Nicola Sturgeon: Will SNP rebels oust First Minister before she drives Scotland off a cliff like Thelma and Louise? – John McLellan

Who knows exactly when double rapist Adam Graham realised he wanted to be a woman known as Isla Bryson, but hundreds of thousands of supposed transphobes can hardly be blamed for thinking it was around the time he knew there was a high chance a significant proportion of his life would be spent behind bars.

But as she climbed into the back of a taxi after a day in court, it’s unlikely Bryson knew she was about to become a fluorescent pink symbol of the growing disconnect between Nicola Sturgeon and a clear majority of Scottish voters. As the row grew about Bryson’s transfer to Cornton Vale, Ms Sturgeon very quickly clarified she did not think biological males convicted of rape should be sent to jails for women, but that such a horrendous anomaly arose so quickly after the Scottish Parliament approved the Gender Recognition Reform Bill to make self-identification easier is as vivid an illustration as possible that dismissing concerns about women’s rights as a cover for bigotry was as inaccurate as it was insulting.

Maybe the First Minister only had one or two individuals in mind when she told The News Agents podcast that they “cloak themselves in women's rights to make it acceptable, but just as they're transphobic you'll also find that they're deeply misogynist, often homophobic, possibly some of them racist as well”, but the clear implication is it applies to the 60 per cent of Scots with significant concerns about the legislation.
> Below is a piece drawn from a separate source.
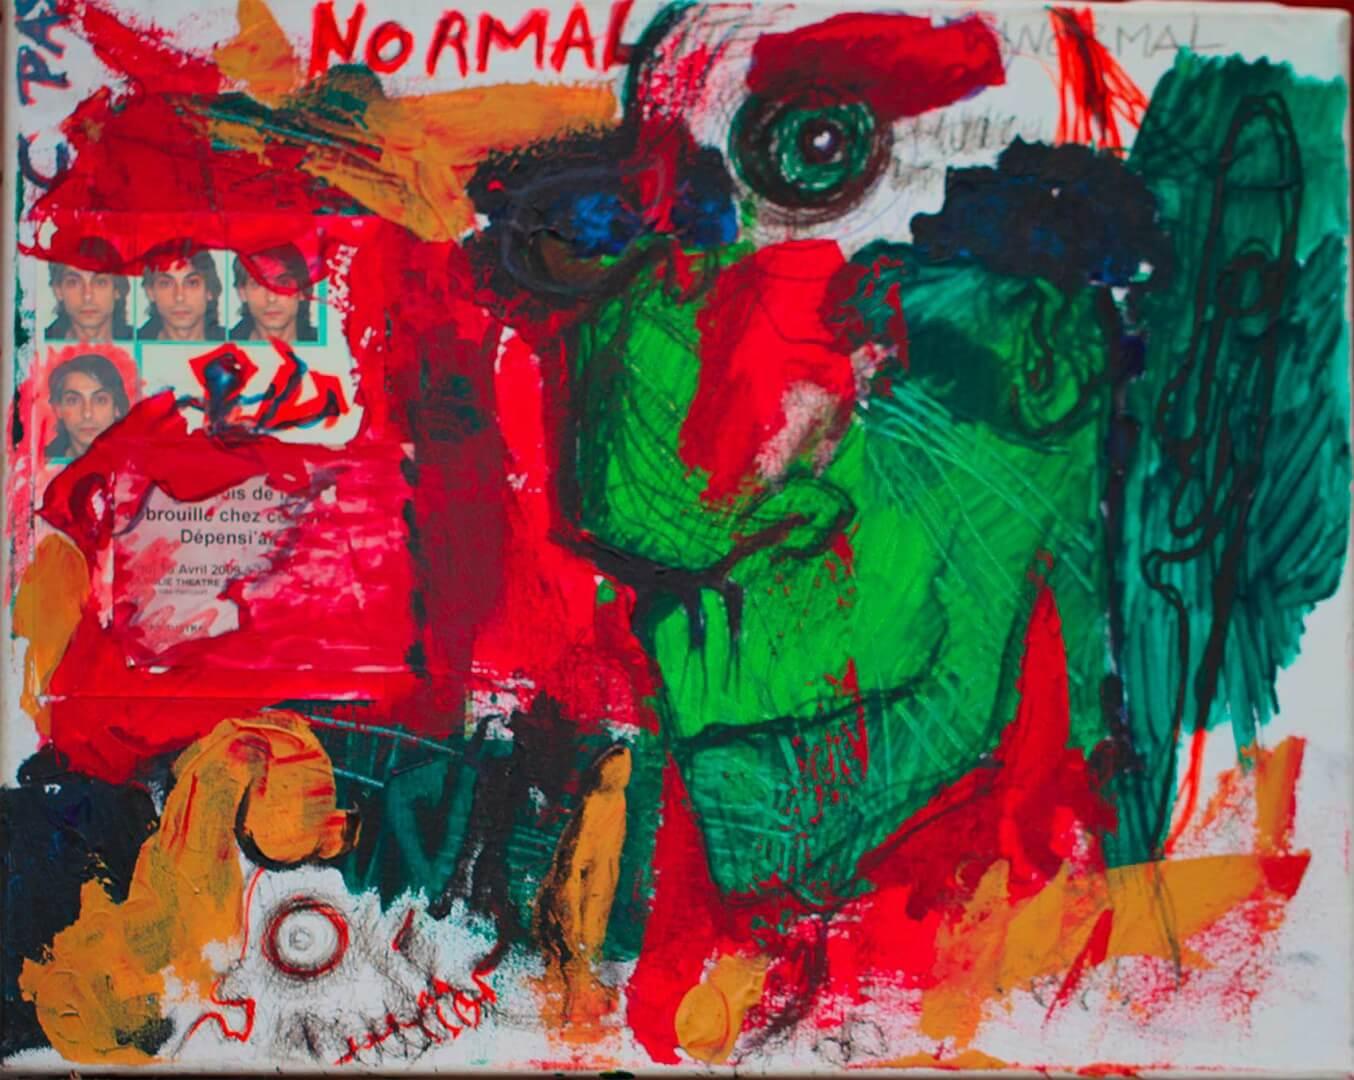 C'est pas normal © David Noir | Dessins, peintures, collages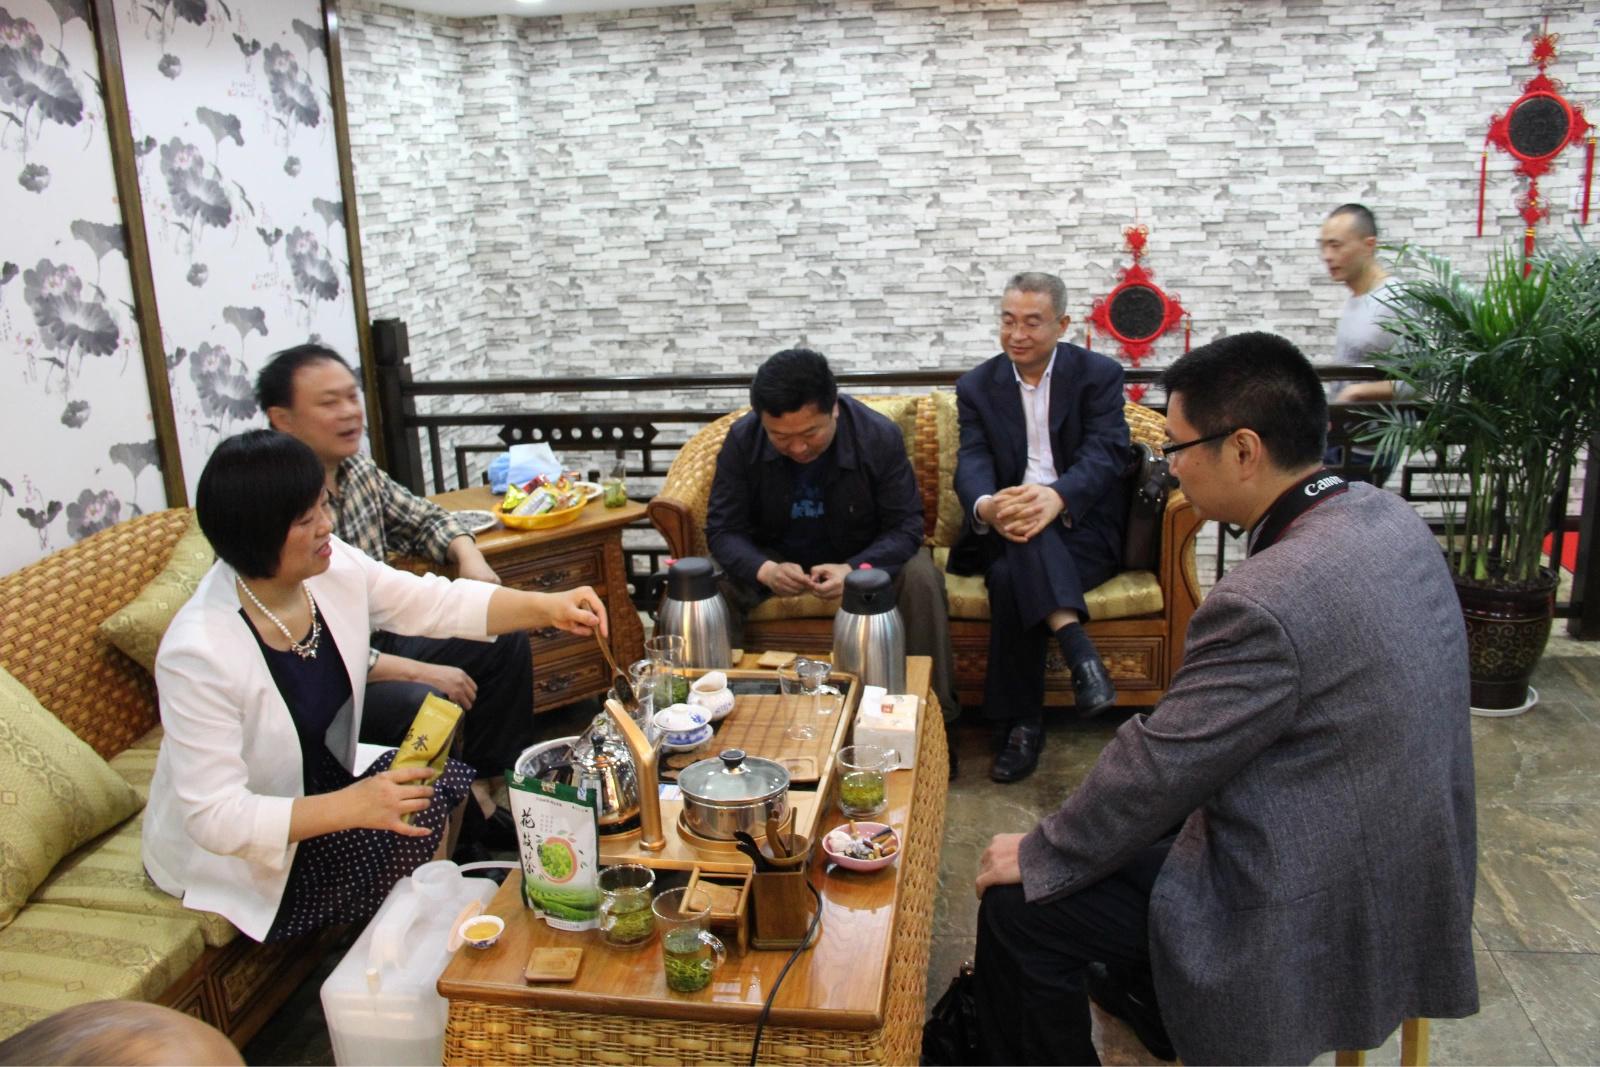 5.26恩施硒都茶城开城暨花枝茶体验馆开业志庆

It is a very strange way to go about leading a mass movement with the single aim of ending the United Kingdom and maybe she’ll backtrack, just as she did earlier this year about her “I detest the Tories and everything they stand for” remark to the BBC's Laura Kuenssberg. But the ferocity of her attacks on opponents, the lack of reasonable balance at the outset of much recent Scottish Government policy-making, and subsequent resistance to compromise do indeed suggest, as The Scotsman claimed on Saturday, that she is losing the plot.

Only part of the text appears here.